Page 141: Calculate Pearson’s \(\chi^2_0\) test statistic:

chisq.test(drink.table)$statistic %>% round(4)
X-squared 
   3.3483 

Page 141: Calculate Cramer’s coefficient:

Cramers(drink.table) %>% round(4)
[1] 0.1157

Chapter 7: Let’s explore the hypothesis tests

Let’s do Pearson’s chi-square statistic (\(\chi^2_0\)) and chi-square distribution experiment described on pages 152-153:

Page 153: Contingency table of sex and derired way of being asked out for “all high students residing in Japan”:

asked.out.table.all <- as.table(matrix(c(400, 1600, 2000, 600, 2400, 3000),
                                   byrow=T, nrow=2))
dimnames(asked.out.table.all) = list(Sex=c("Female", "Male"),
  DesiredWay = c("Phone", "E-mail", "Face to face"))

asked.out.table.all %>% addmargins()
Phone E-mail Face to face Sum
Female 400 1600 2000 4000
Male 600 2400 3000 6000
Sum 1000 4000 5000 10000

We’ll make a data frame with frequencies of all combinations of the levels of two factors:

asked.out.freq <- as.data.frame(asked.out.table.all)

asked.out.freq
Sex DesiredWay Freq
Female Phone 400
Male Phone 600
Female E-mail 1600
Male E-mail 2400
Female Face to face 2000
Male Face to face 3000

To make a raw data table (like the table 7-1 on page 153) from this table we should repeat all rows Freq times:

FreqToCases <- function(row) {
  n <- row$Freq
  df <- data.frame(
    Sex = rep(row$Sex, n),
    DesiredWay = rep(row$DesiredWay, n)
  )
  return(df)
}

# Call FreqToCases function for every row of asked.out.freq and
# glue all results in a single data frame
asked.out.data <- asked.out.freq %>% rowwise() %>% do(FreqToCases(.))

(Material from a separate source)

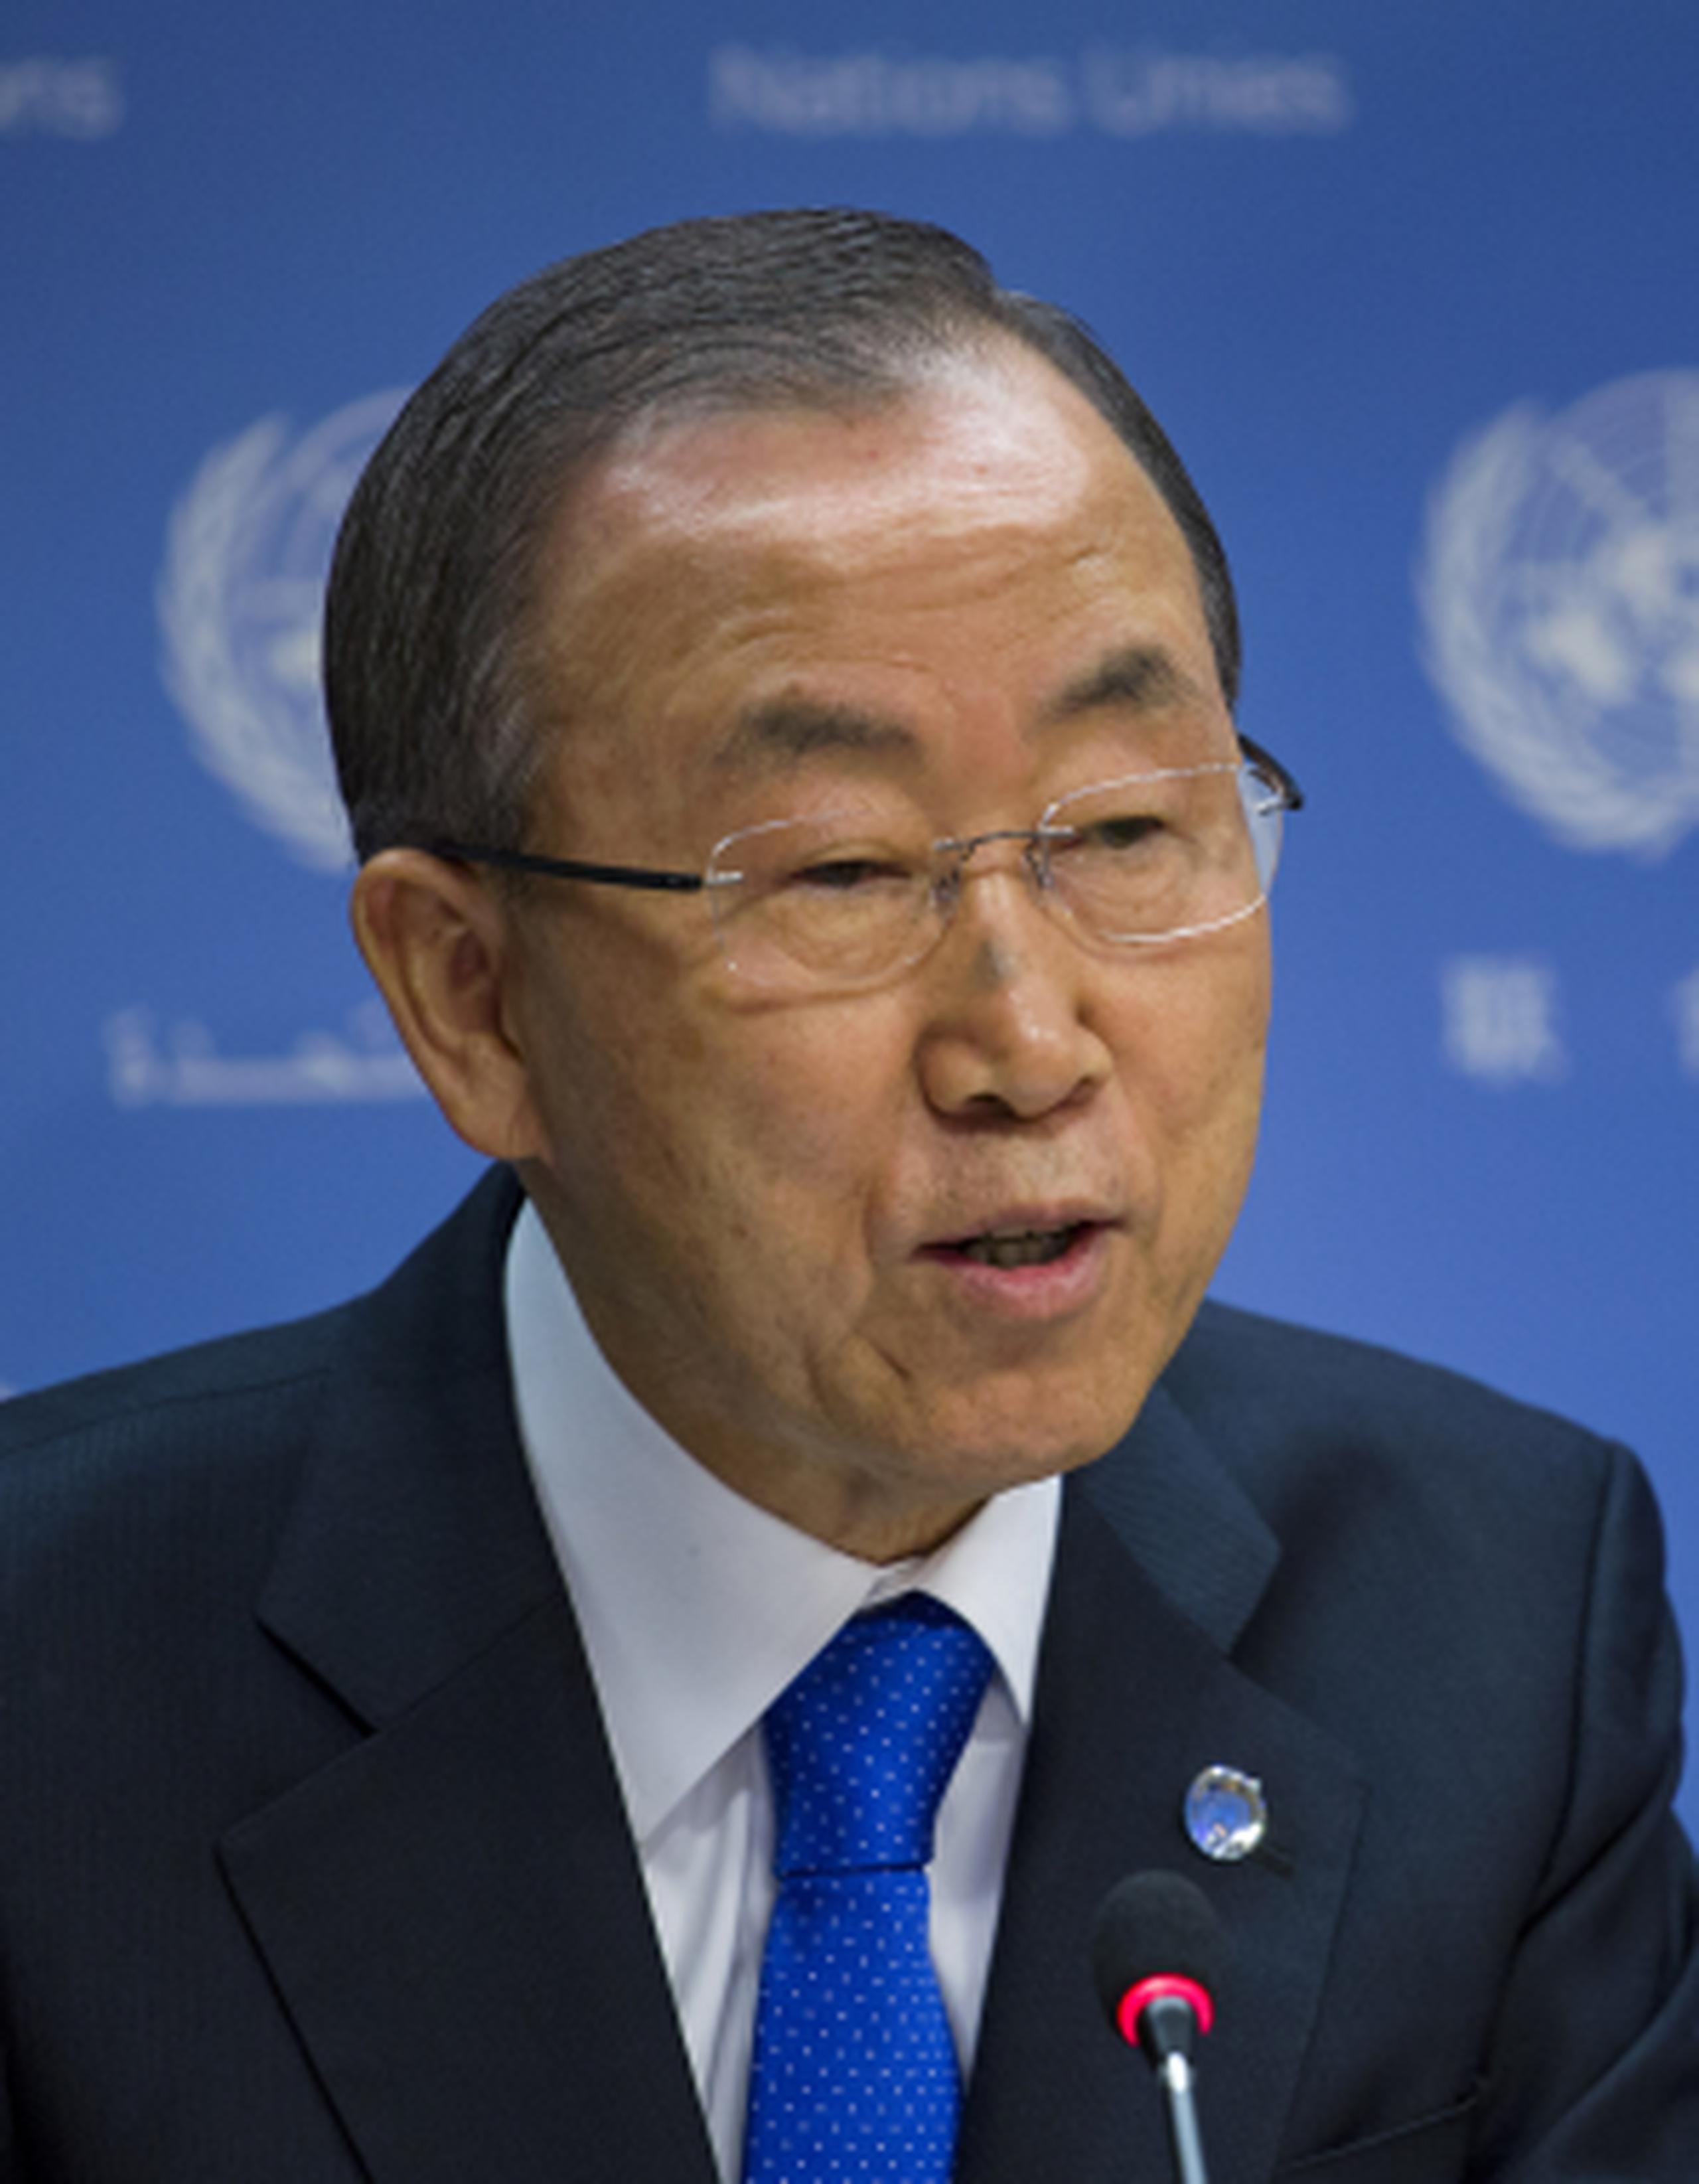 El secretario general Ban Ki-moon podría ir más allá de las conclusiones de los inspectores y describir quién lo hizo, dijo uno de los diplomáticos. (AP Photo/Craig Ruttle)

Then we will make 10000 different random samples of 300 high school students and calculate \(\chi^2_0\) statistic each time:

chisq.data <- data.frame(Sample = 1:10000)

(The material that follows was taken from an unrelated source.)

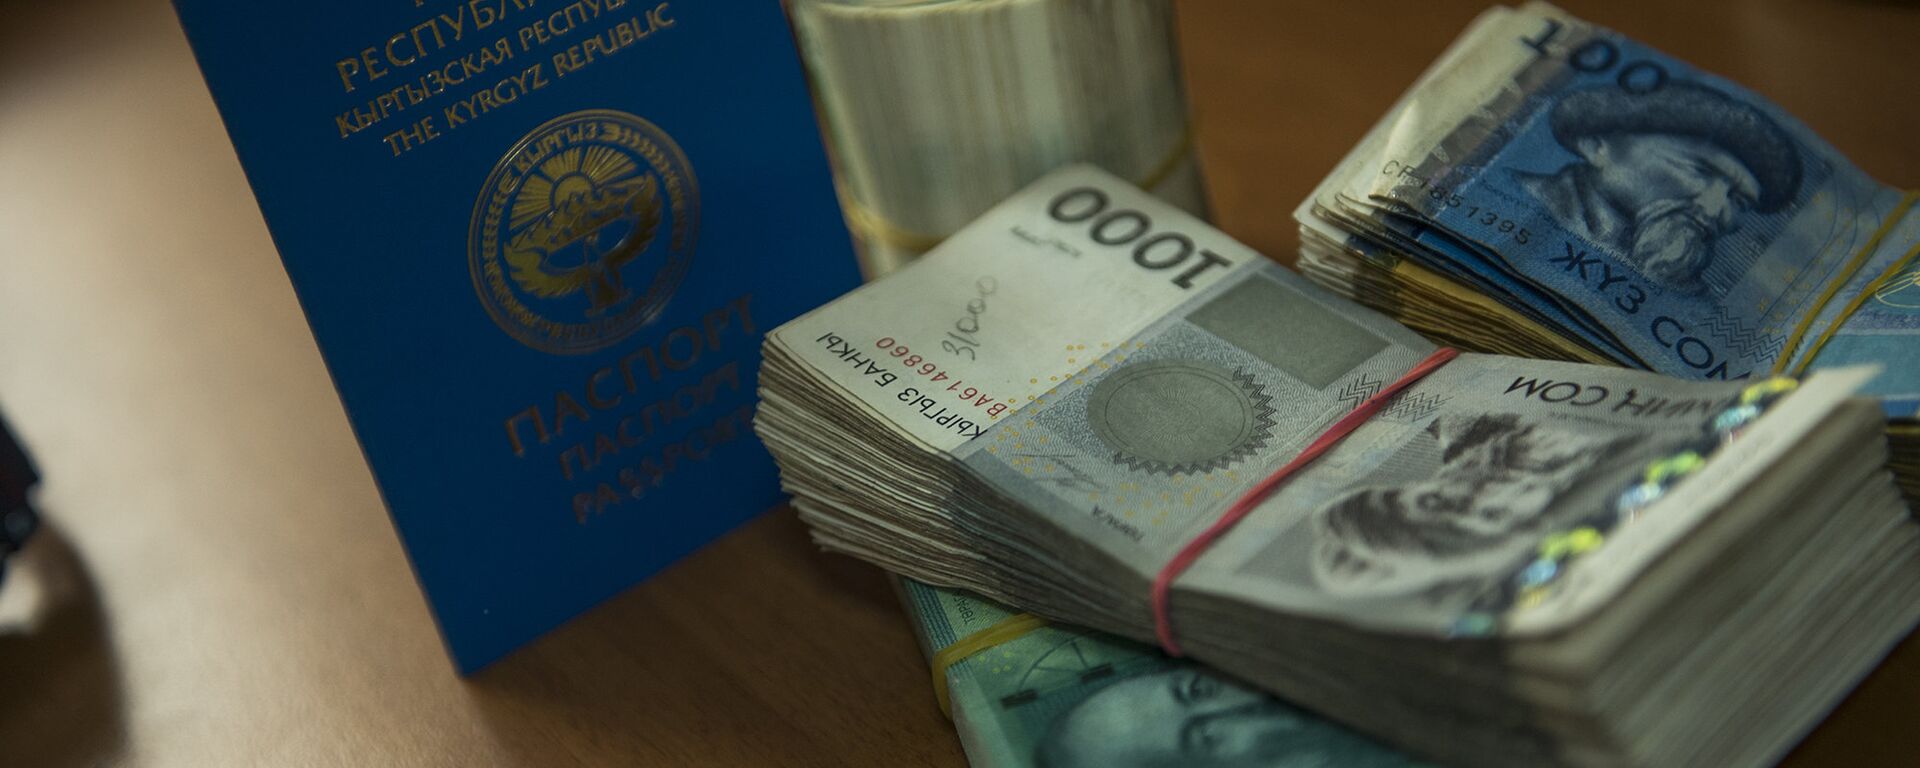 Паспорт гражданина Кыргызстана и пачка денег. Архивное фото - Sputnik Кыргызстан, 1920, 24.07.2021

SampleChiSq <- function(n) {
  # random sample of n students
  asked.out.sample <- sample_n(asked.out.data, n)
  # contingency table for this sample
  asked.out.sample.table <- table(asked.out.sample)
  # return Chi-squared statistic for this sample
  return(chisq.test(asked.out.sample.table)$statistic)
}

# Vectorize a function to be able to make all random samples at once
SampleChiSq %<>% Vectorize()

# Calculating 10000 different Chi-squared statistics
chisq.data$ChiSq <- SampleChiSq(rep(300,10000))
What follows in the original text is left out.